Through the drapes, between the Jell-O football trays, I could see them hitting. They were up on the picture wall, coming to where the ball was and I was looking in the window at them. Luster was hunting in the street next to the phone pole. They picked the ball up and they were hitting. Then they put the ball down and they lined up on the striped grass and the red football men hit and the black-and-white football men hit. Luster came along from the phone pole and I looked through the window while Luster hunted on the sidewalk.

The black-and-white football men hit and ran to where the striped grass ended.

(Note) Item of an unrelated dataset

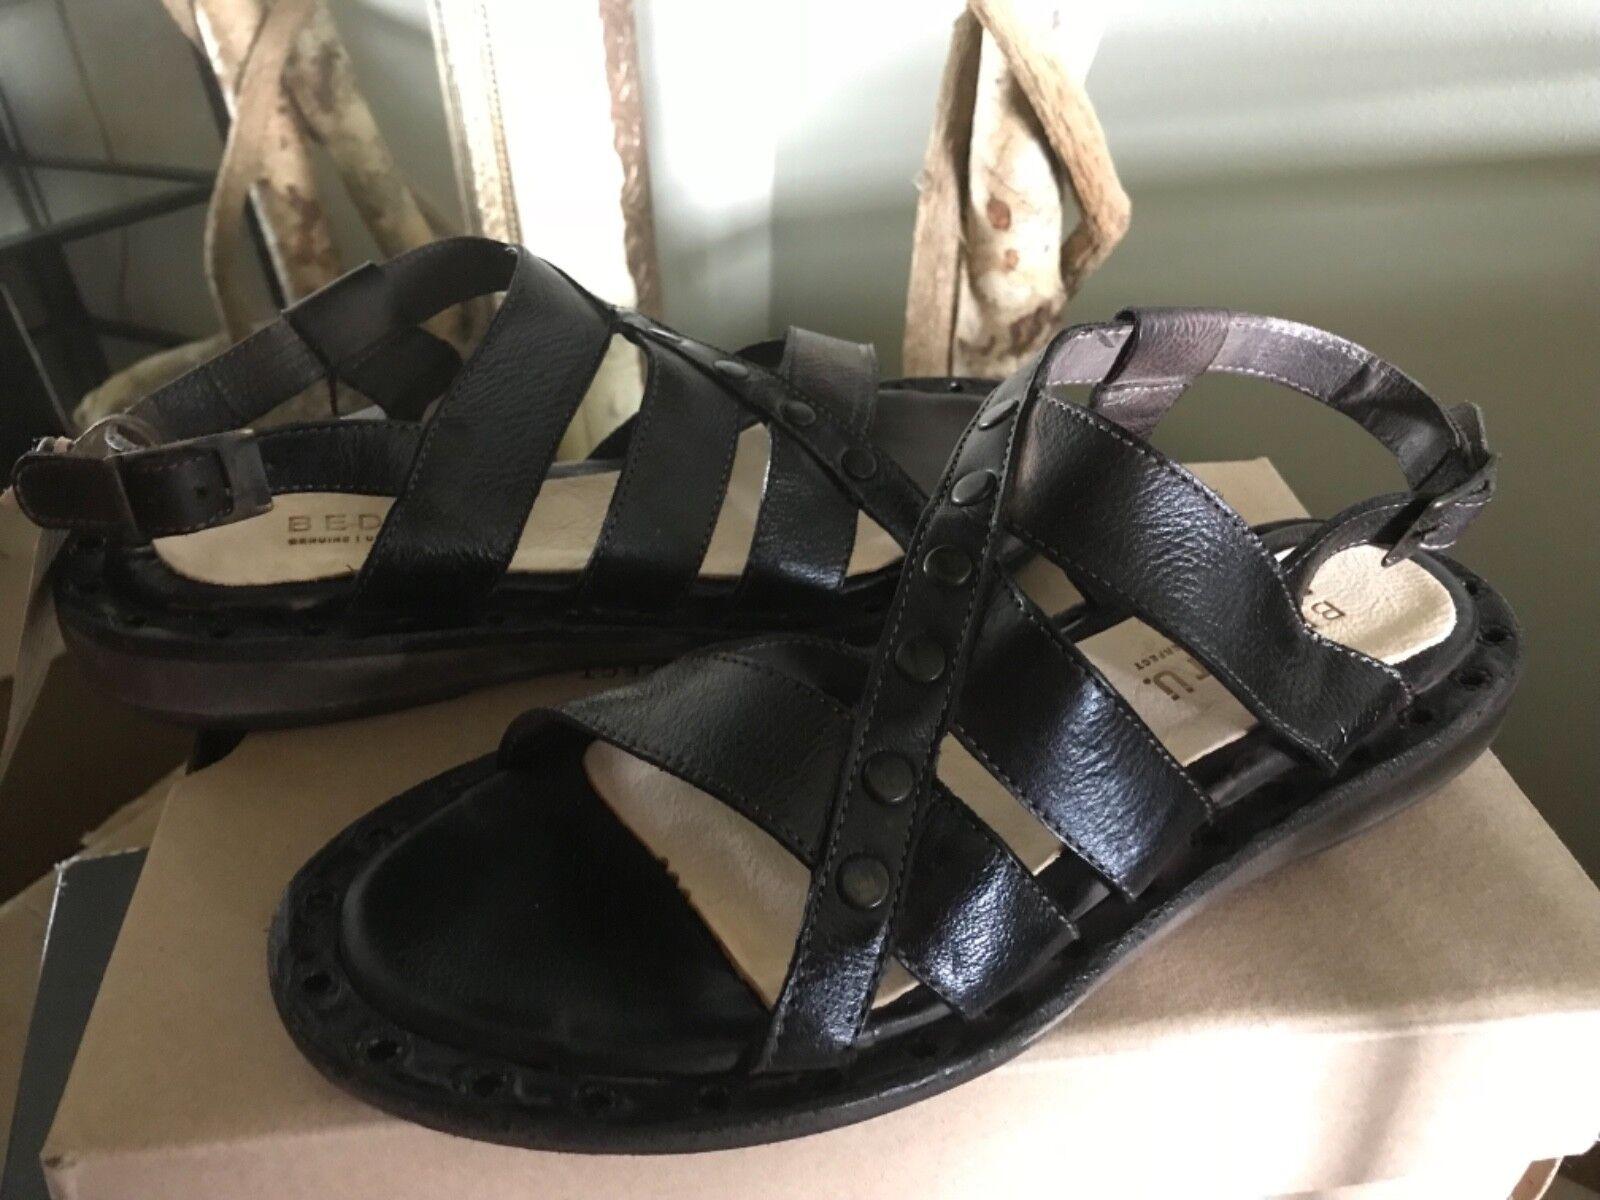 BED STU Kavala donna  Teak Leather Sandals 7M MSRP  159  negozio online

Quentin ate a Jell-O football and I could hear him through the window yelling at Father over the noise from the picture wall. He said, “That puts the Ravens up by 22. Your wager was ill-considered, Father.”

I looked through the window at the picture wall. The football men took a rest. A colored girl in black leather underwear sang and danced and stroked her big thighs. I could almost taste the Jell-O footballs.

“Listen at you now,” Luster said to me. “Ain’t you something, 33 years old, moaning like that. No wonder your daddy won’t let you inside. No wonder he don’t give you no Jell-O footballs.”

Then the lights went out on the picture wall and the noise stopped. Someone said “power outage at the stadium.” Mother came into the picture-wall room and asked Father to let me in from the cold and Father said, “The cold won’t hurt Benjy” and Mother sat in the chair where my sister Caddy used to sit and said “He’s a judgment on me.” Father fixed her a toddy in the dark.

“I done looked in there, Benjy,” Luster said. “Get down here in the gutter and help me find my shit before them neighbors find it.”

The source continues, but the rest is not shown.